Saturday 1 February 2014

Comfort food

The last 45 days have been the wettest in almost 250 years. We can thank the Radcliffe Meteorological Station at Oxford University for this fact; it is the oldest weather station in the world, founded in 1767, and there is no doubt it's been wet, really wet....but not cold.

This is not good for the bees because if it's warm the queen keeps laying and the bees use a lot of energy looking after the brood. More energy means eating more food, so they are rapidly using up their winter stores.

I'm not overly concerned. Last autumn I decided to feed them sugar syrup and they should have plenty left, but I can't be certain without opening up the hive, and it's far too cold for that! So I've decided to err on the side of caution and feed them doughnuts.
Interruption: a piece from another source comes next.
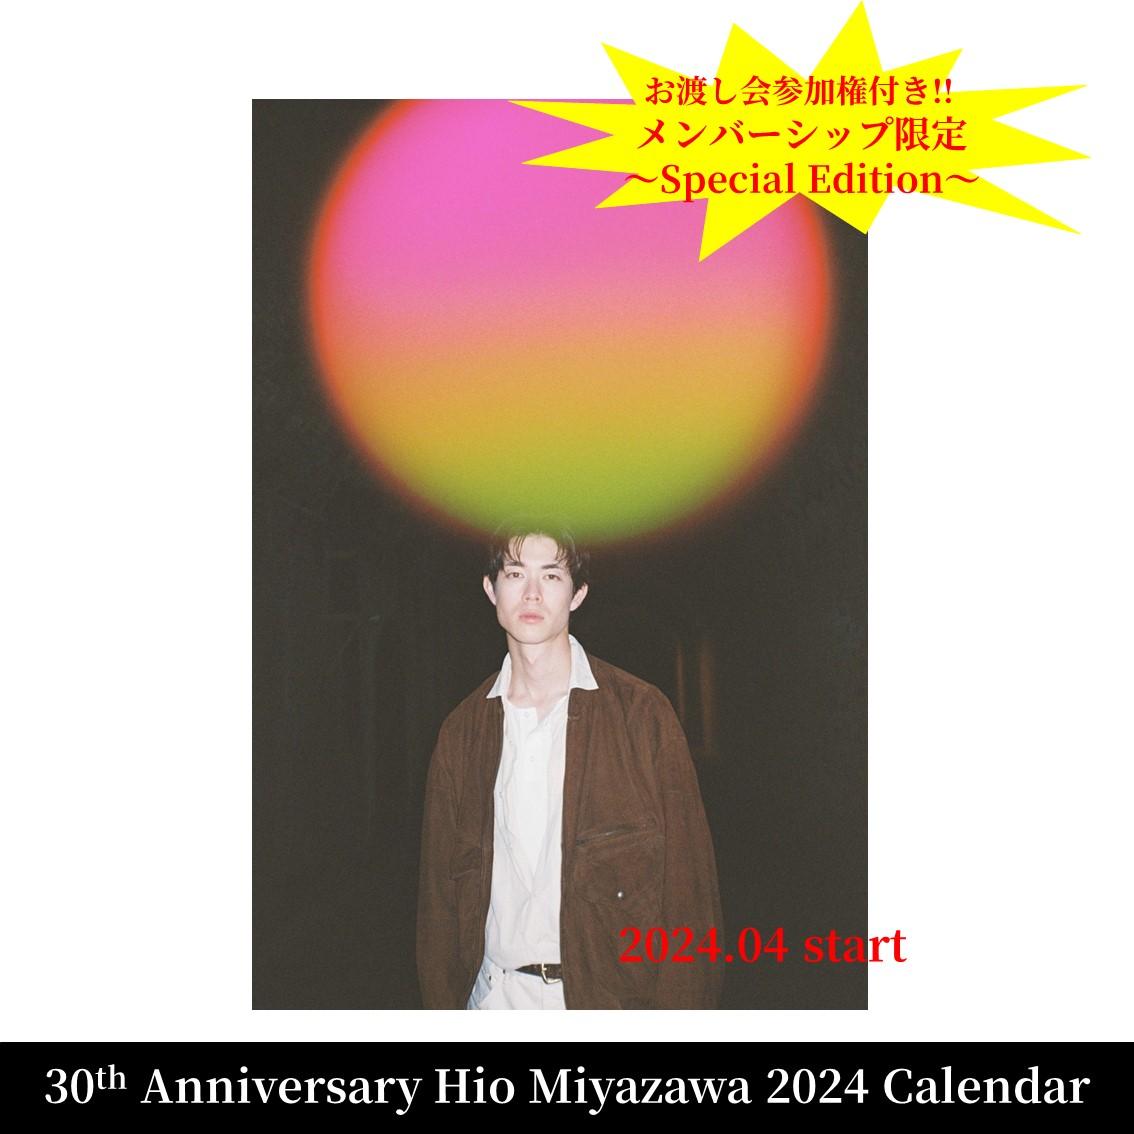 先着追加販売【メンバーシップ限定】30th Anniversary Hio Miyazawa Calendar 2024~Special Edition~

Well not the entire doughnut, rather the fondant icing that goes in or over the typical doughnut.

You see, making fondant is a bit tricky; get it wrong and its either rock hard or runny. Some beekeepers get around this problem by purchasing ready made fondant from the supermarket but that usually contains glycerine as a softener, and bees don't normally eat glycerine.

Not so the fondant in doughnuts; this is made of sucrose and glucose syrups only, and carefully blended to give the right consistency - not too hard, not too soft.

Fortunately our local doughnut fryer is sympathetic to the needs of my bees and he lets me have some fondant as a freebie when the need arises. I don't eat doughnuts, which I consider a comfort food, so there's nothing in it for him.

But if this weather continues I might start!